(What is being asked)
In the entries that follow, find the line containing "非交楼标准,property" and the line containing "b t s sous couche", then copy exactly everything from the first through the second except the pictures.

(Input data)
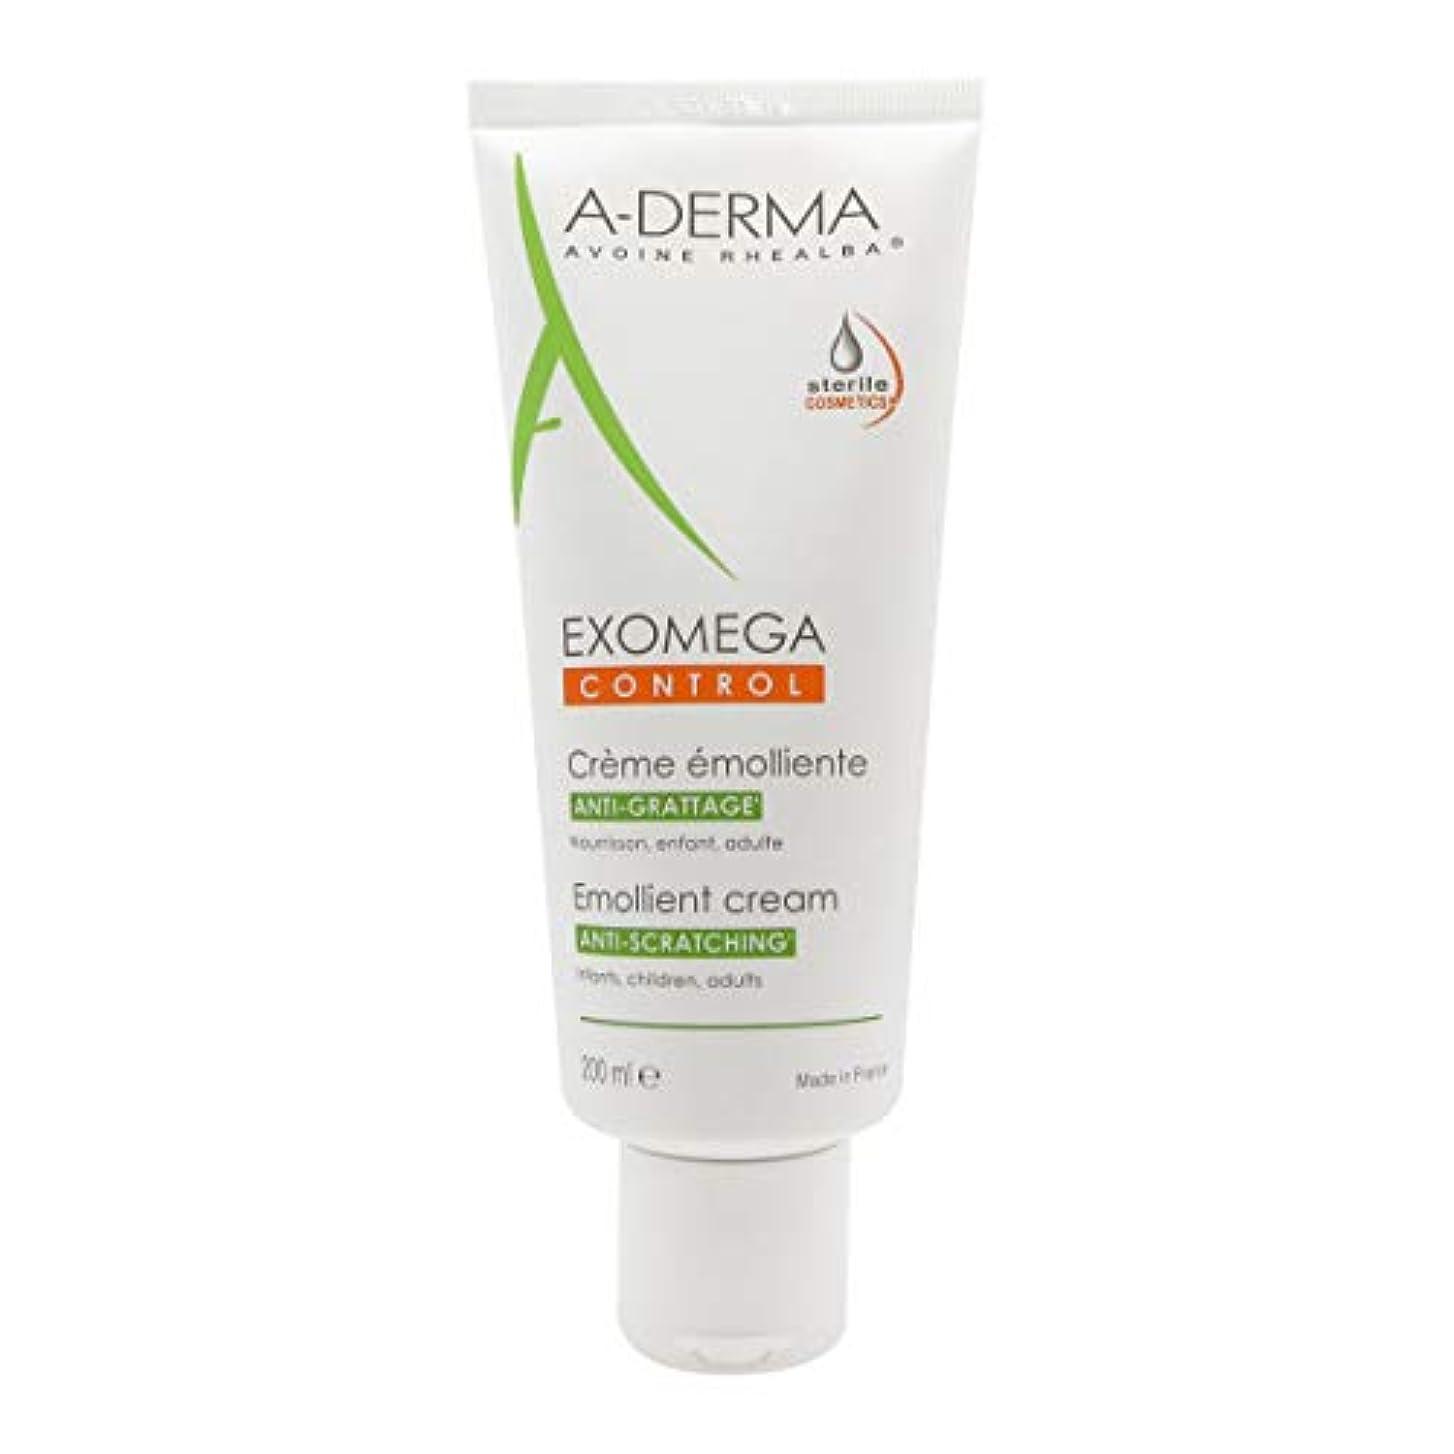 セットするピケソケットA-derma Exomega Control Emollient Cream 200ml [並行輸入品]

---

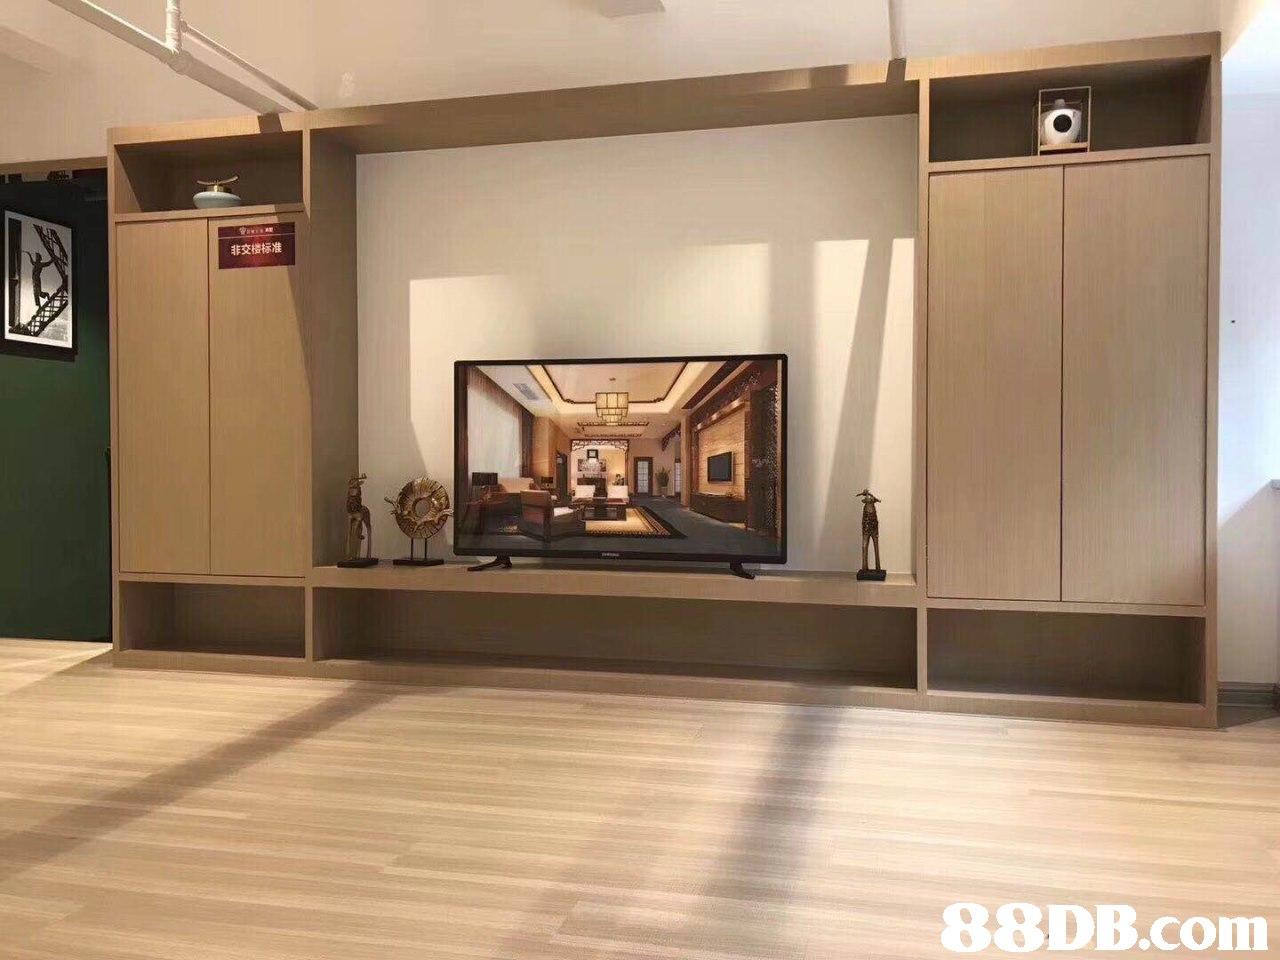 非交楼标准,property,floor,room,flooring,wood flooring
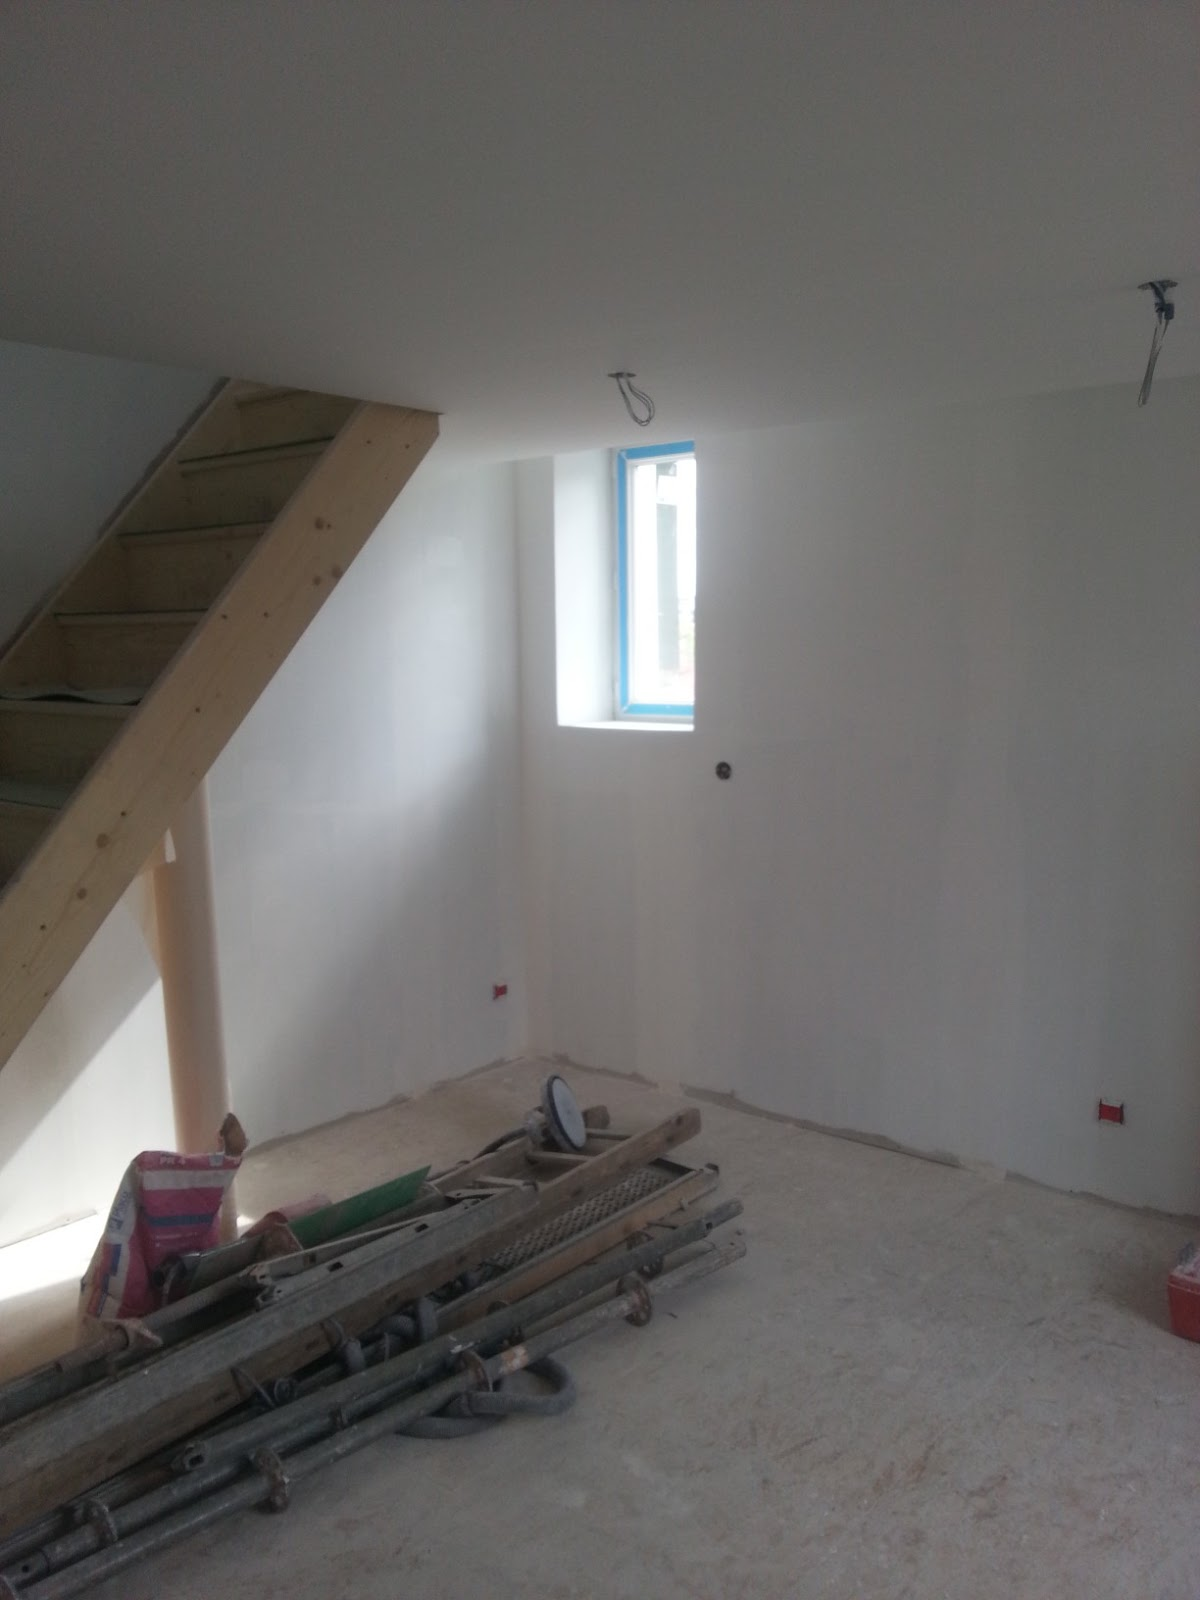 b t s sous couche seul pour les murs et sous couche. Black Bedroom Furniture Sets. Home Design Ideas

...

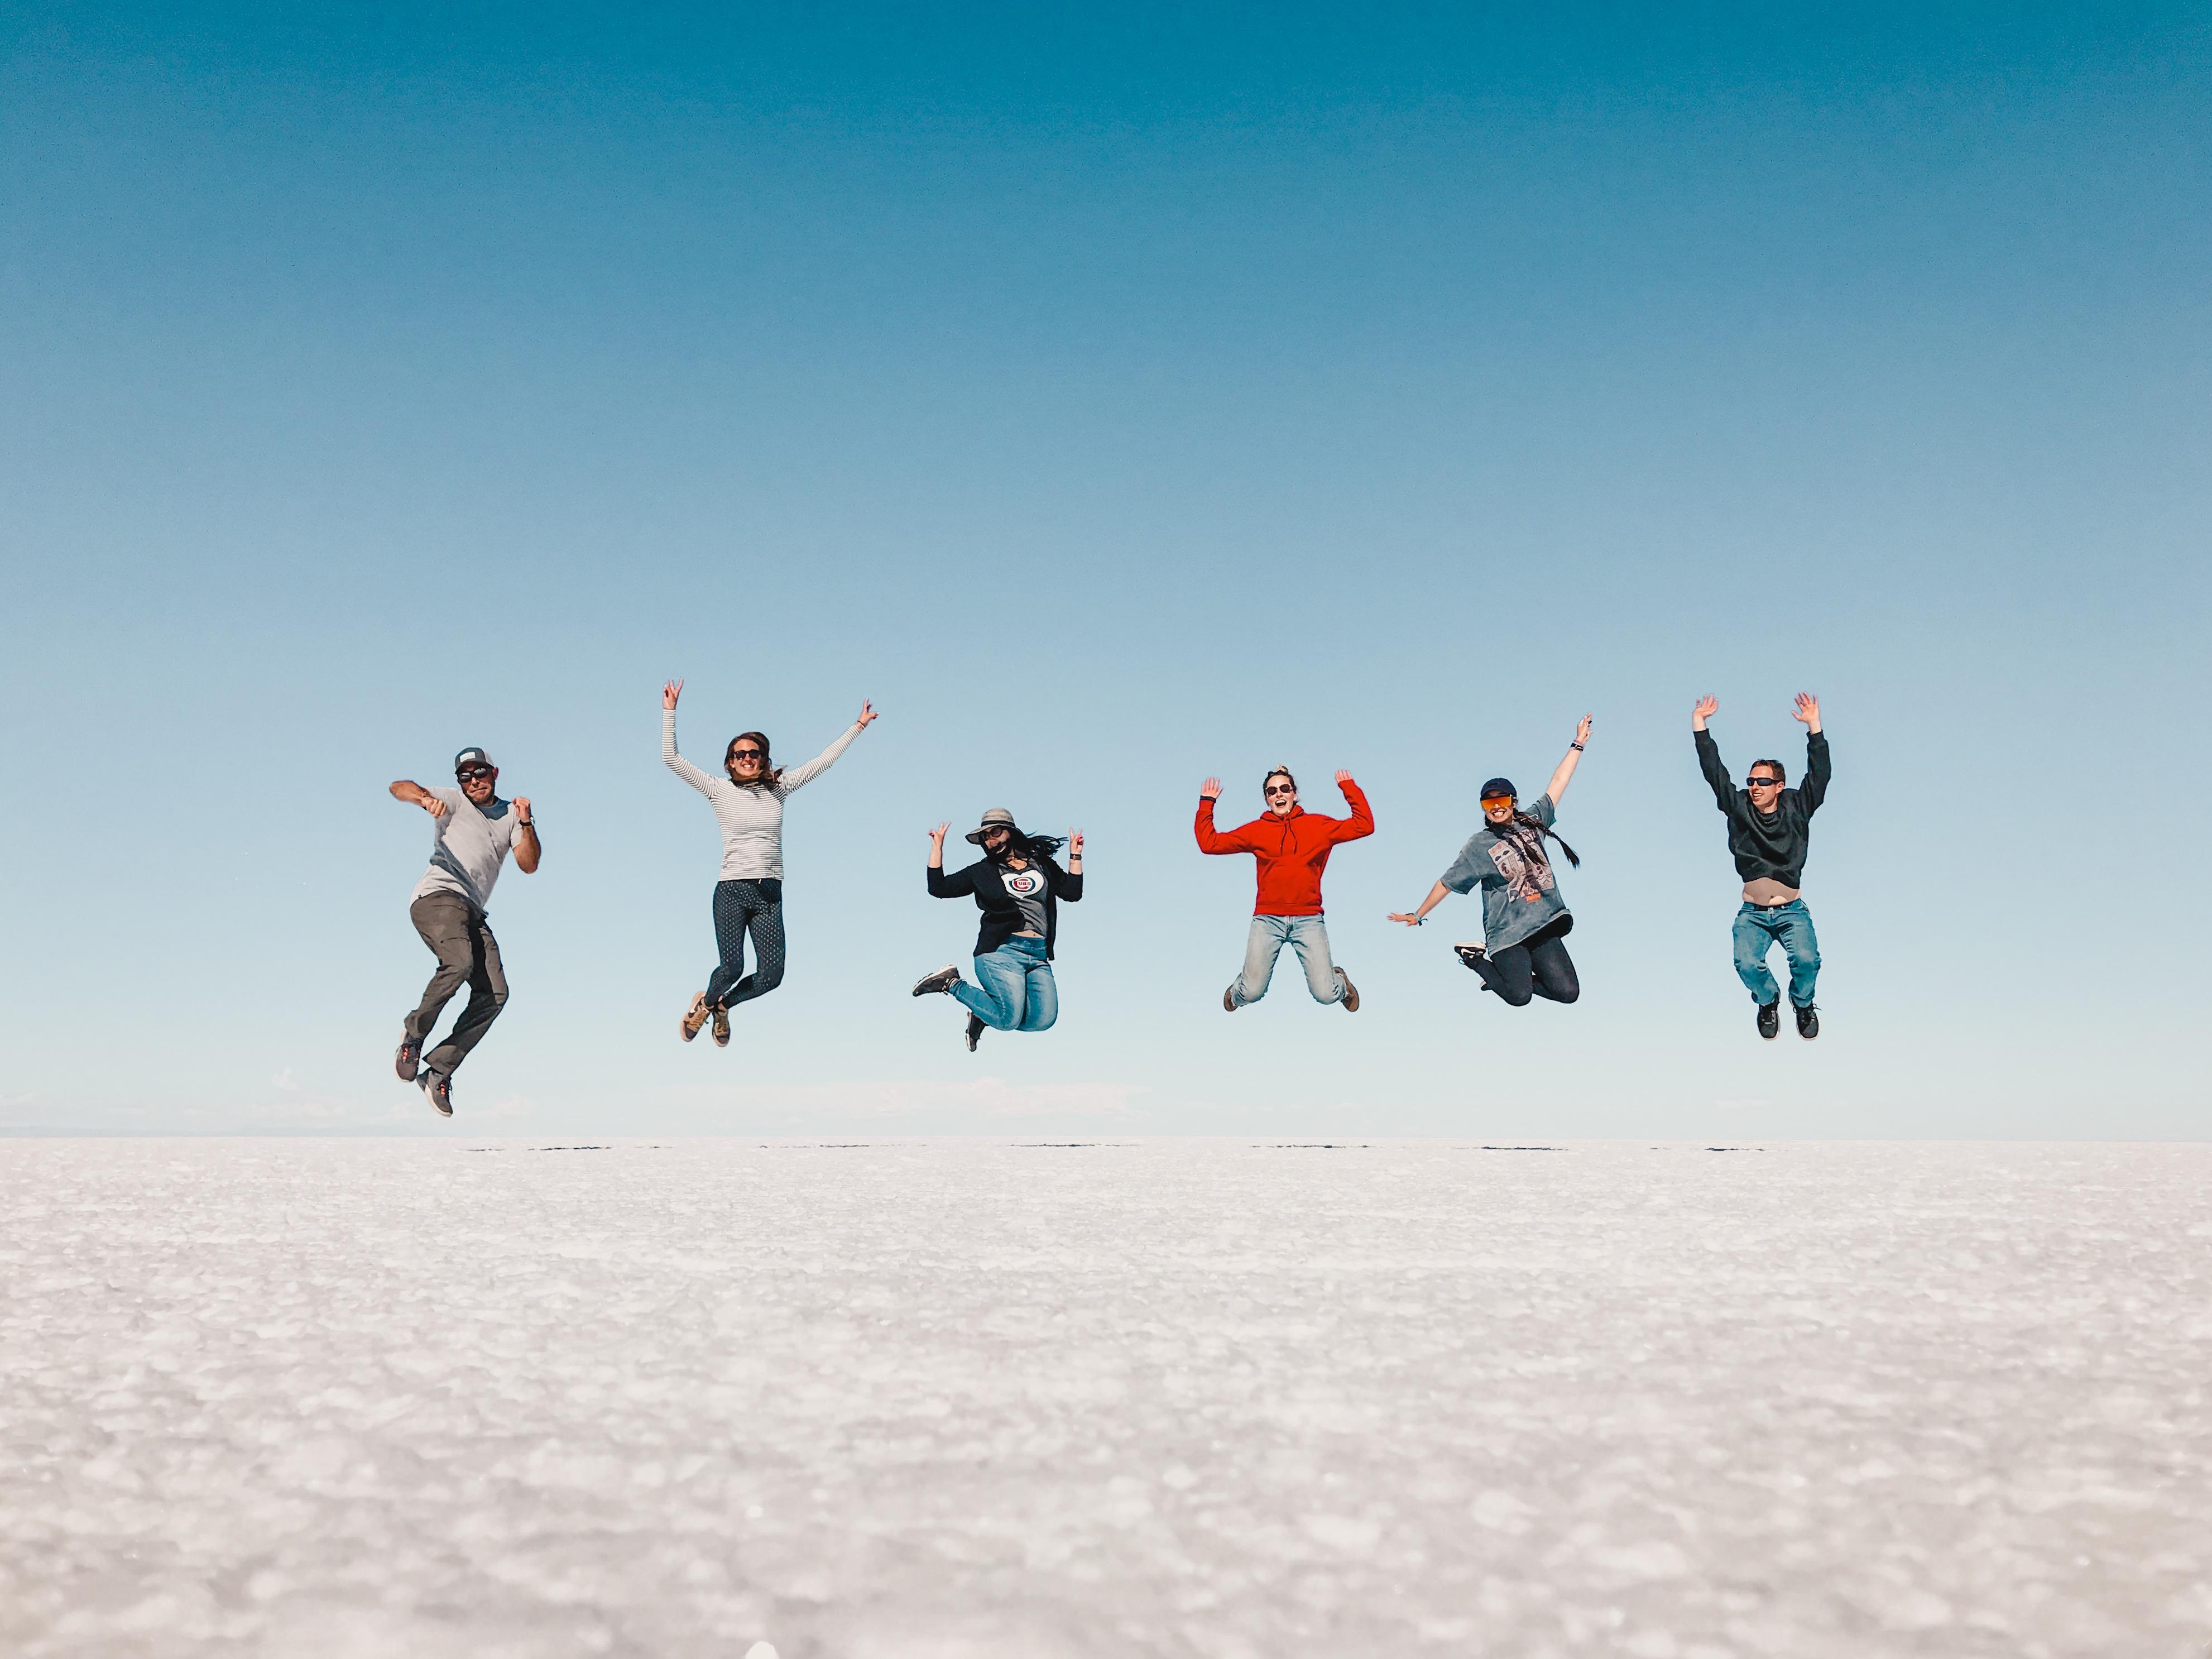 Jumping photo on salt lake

(Reply to the task)
 非交楼标准,property,floor,room,flooring,wood flooring
 b t s sous couche seul pour les murs et sous couche. Black Bedroom Furniture Sets. Home Design Ideas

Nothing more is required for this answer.